Man  is  a  tribal animal.  If he were not it would matter  not  a  jot whether  one team won or another,  unless money was on the result.  But manifestly men do care and care passionately when no material advantage is  to  be  gained or lost by the result.  In  fact,  the  relationship between  a football fan and his club is probably the most  enduring  of his life, for it commonly begins in childhood and ends only with death.

The  outpouring  of joy when a goal is scored dwarfs any  other  public expression  of  positive  feeling  today.  Those  who  imagine  that  a football  club  is merely a business and that selling  football  is  no different from selling baked beans, fail to understand the game and  the fan.

Sporting heroes are heroes in the literal sense for they play the role of the champion whether it be in single combat (tennis) or as part of an army (football). There is something primal about this.   Watch even a powerful man  in  the presence of his sporting hero and the  powerful  man  will almost certainly be unconsciously  deferring to the sportsman.

Team sports are war games, a war game in fact as well where men meet in a  form  of direct  physical confrontation  which  is  a  pretty  good substitute  for  tribal war,  war fought hand to hand  with  sword  and shield  and  spear.  Sport is  war without the  weapons.  That  is  its primal  glamour.

Because of their  function as lightening rods of national feeling  the  existence of England sides are  hated and feared by  our  elite. The  erstwhile  and now deceased Labour Sports minister,   Tony  Banks, persistently  puffed  the idea of a British football  team,   something that is indubitably not wanted by any of the four home FAs or the  vast majority of fans.
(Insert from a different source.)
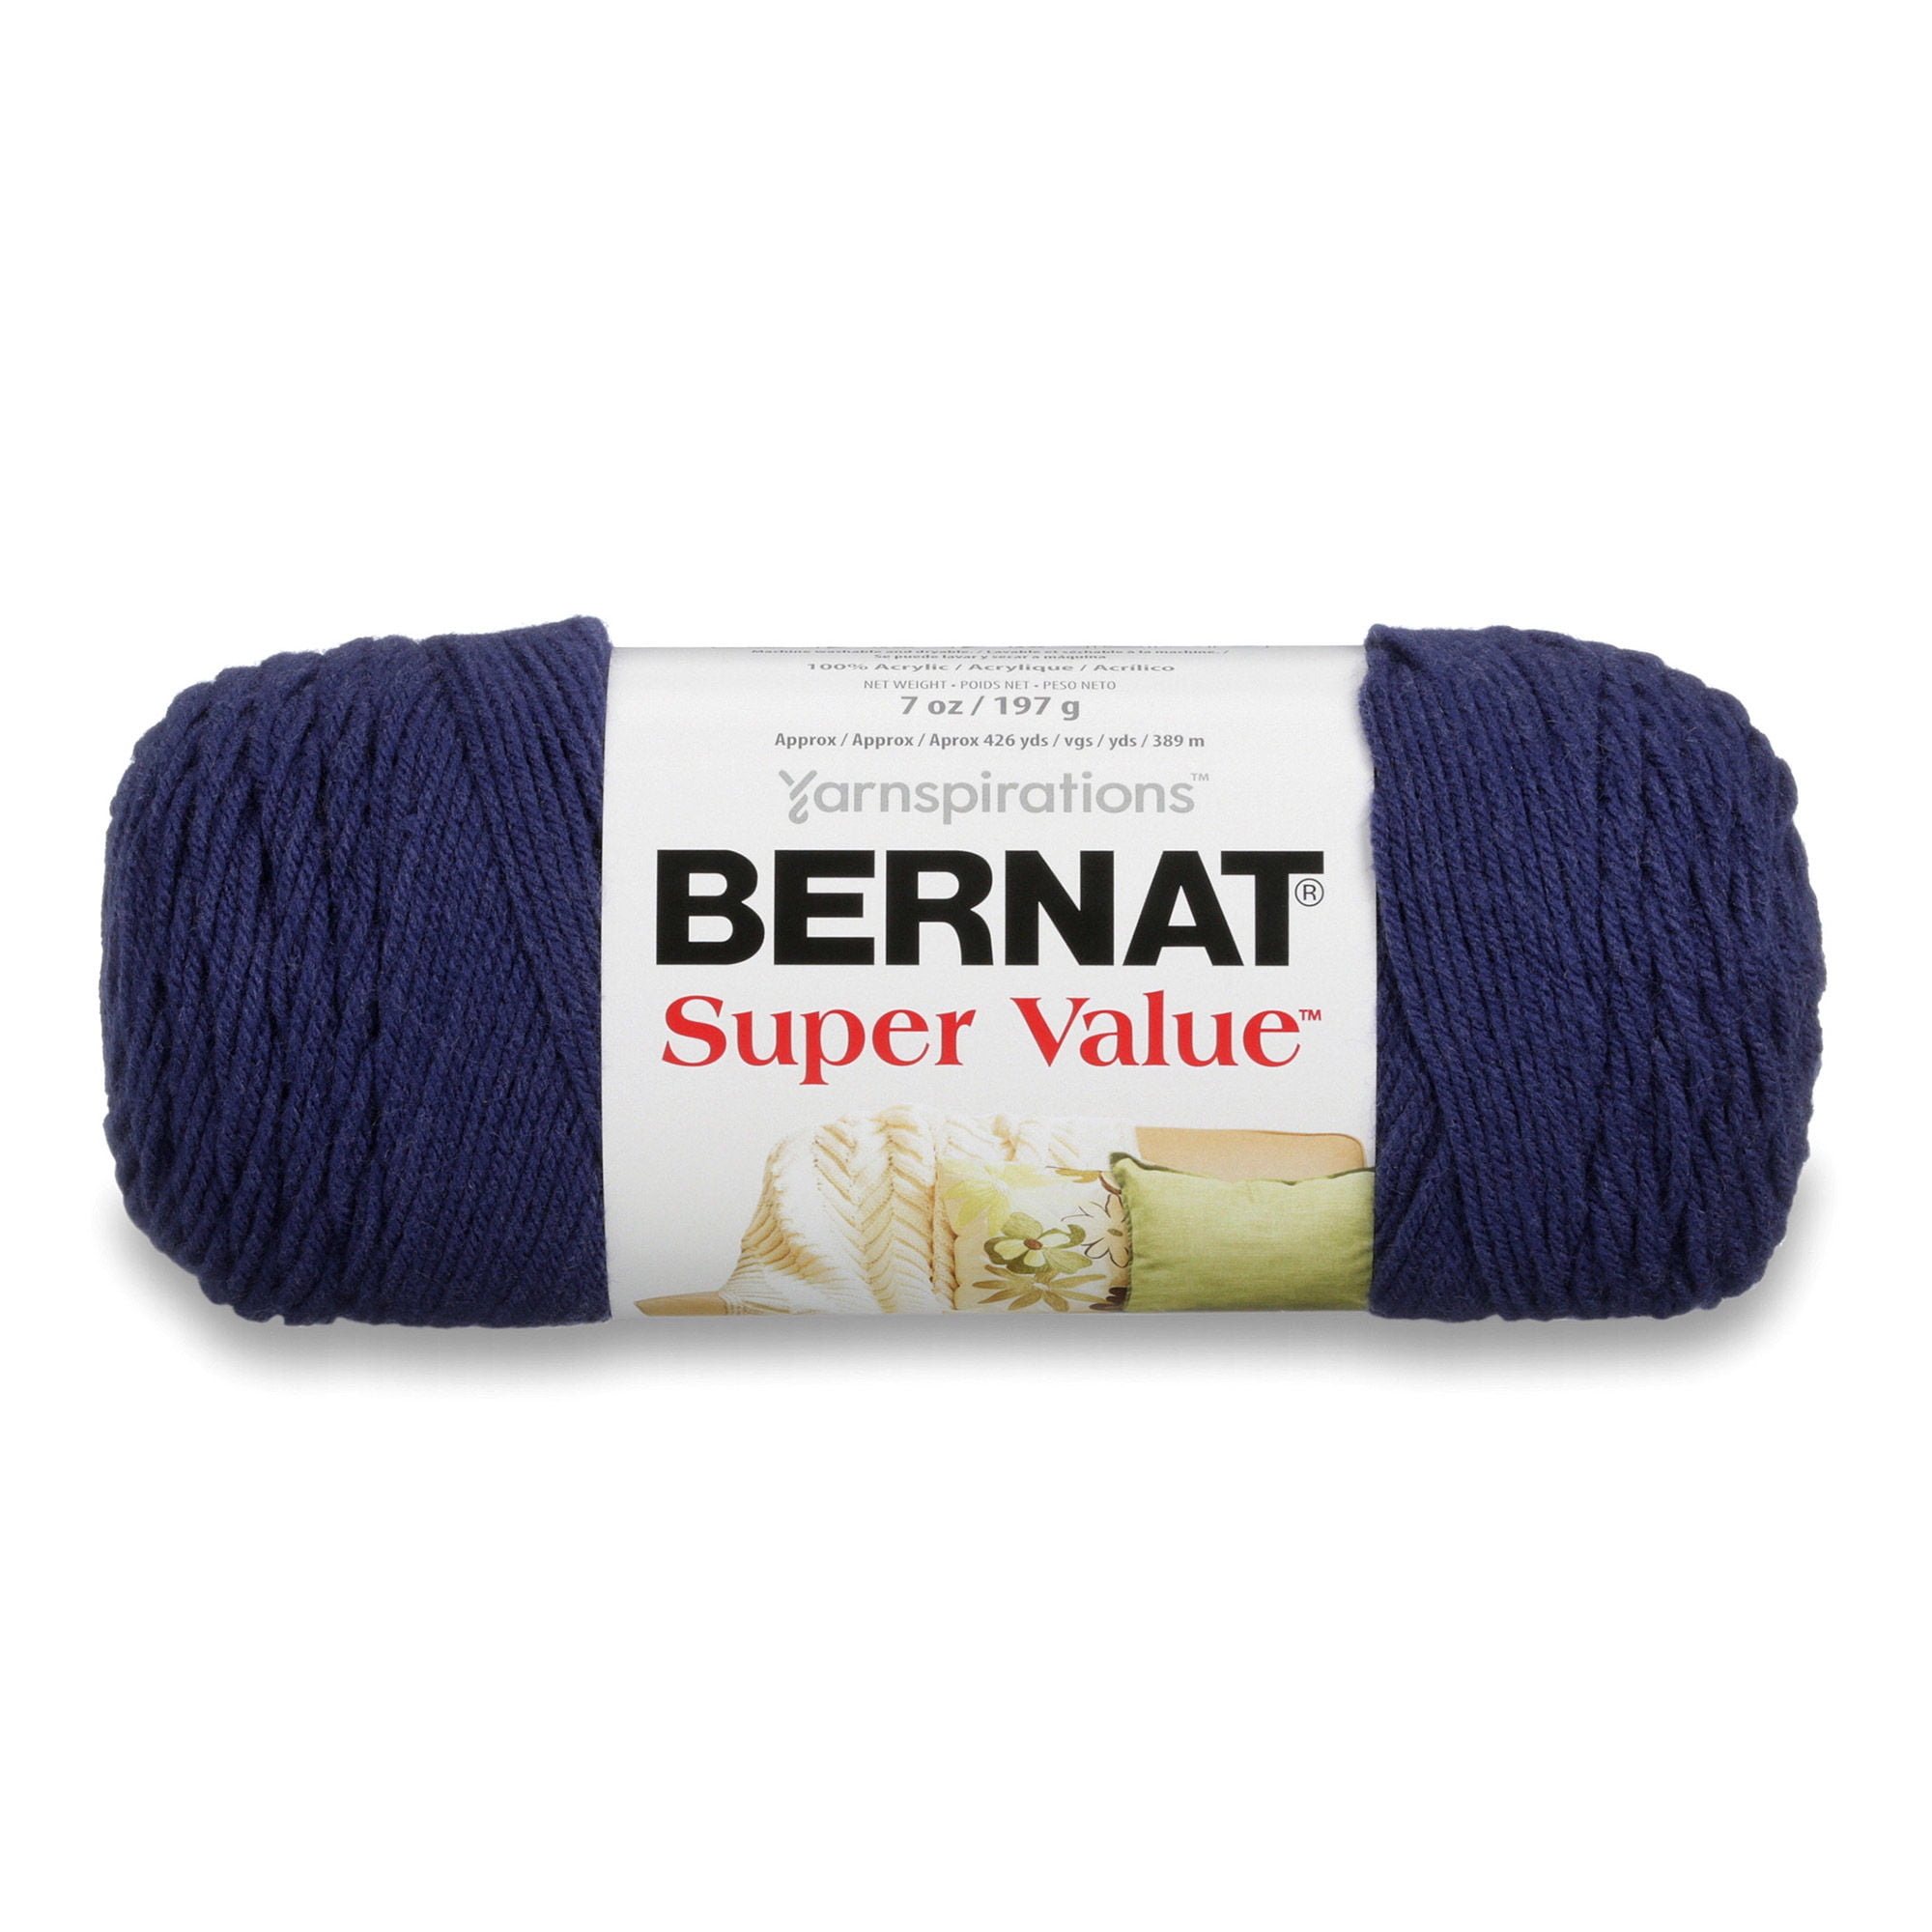 Bernat Super Value Stripes Yarn-Beachwood, 1 count - Dillons Food Stores

The  political  dimension  goes beyond  the  English  national   sides. In  these politically correct times sporting crowds in England for  the major sports are also disturbingly white for the liberal  bigot  elite. Vast amounts of time and money have been devoted to making crowds “more representative”, happily with precious little  success.  Football crowds in  particular  are  a source  of concern to our  liberal elite because they provide  the  one opportunity  where large numbers of the white working class can  gather together and express themselves  uninhibitedly without having to gain the permission  of the police. This concern is amplified by  the general contempt which the British  elite  have developed for the white working class which, in the sporting context,  is especially focused on the football fan.  (Margaret Thatcher more  than any  other  individual  fostered  the  contempt    when  she  routinely painted  English football supporters as hooligans and  enthusiastically promoted  the  exclusion  of English football clubs  after  the  Heysel stadium  tragedy at the 1985 European Cup final between  Liverpool  and Juventus. )

But  sport has much more to it than tribalism.  It is a constant  in  a changing world.  It is a source of aesthetic delight.  It speaks to the whole range of human emotions. When a great batsman goes to the wicket  when his side is in trouble and makes the bowling look easy,  the whole mood of the players and spectators  changes within minutes: when a football side which is 2-0 down gets a goal back the swing in moral certainty from one side to another is palpable.  It is much more than being “just sport”. It is a mirror of what it is to be human.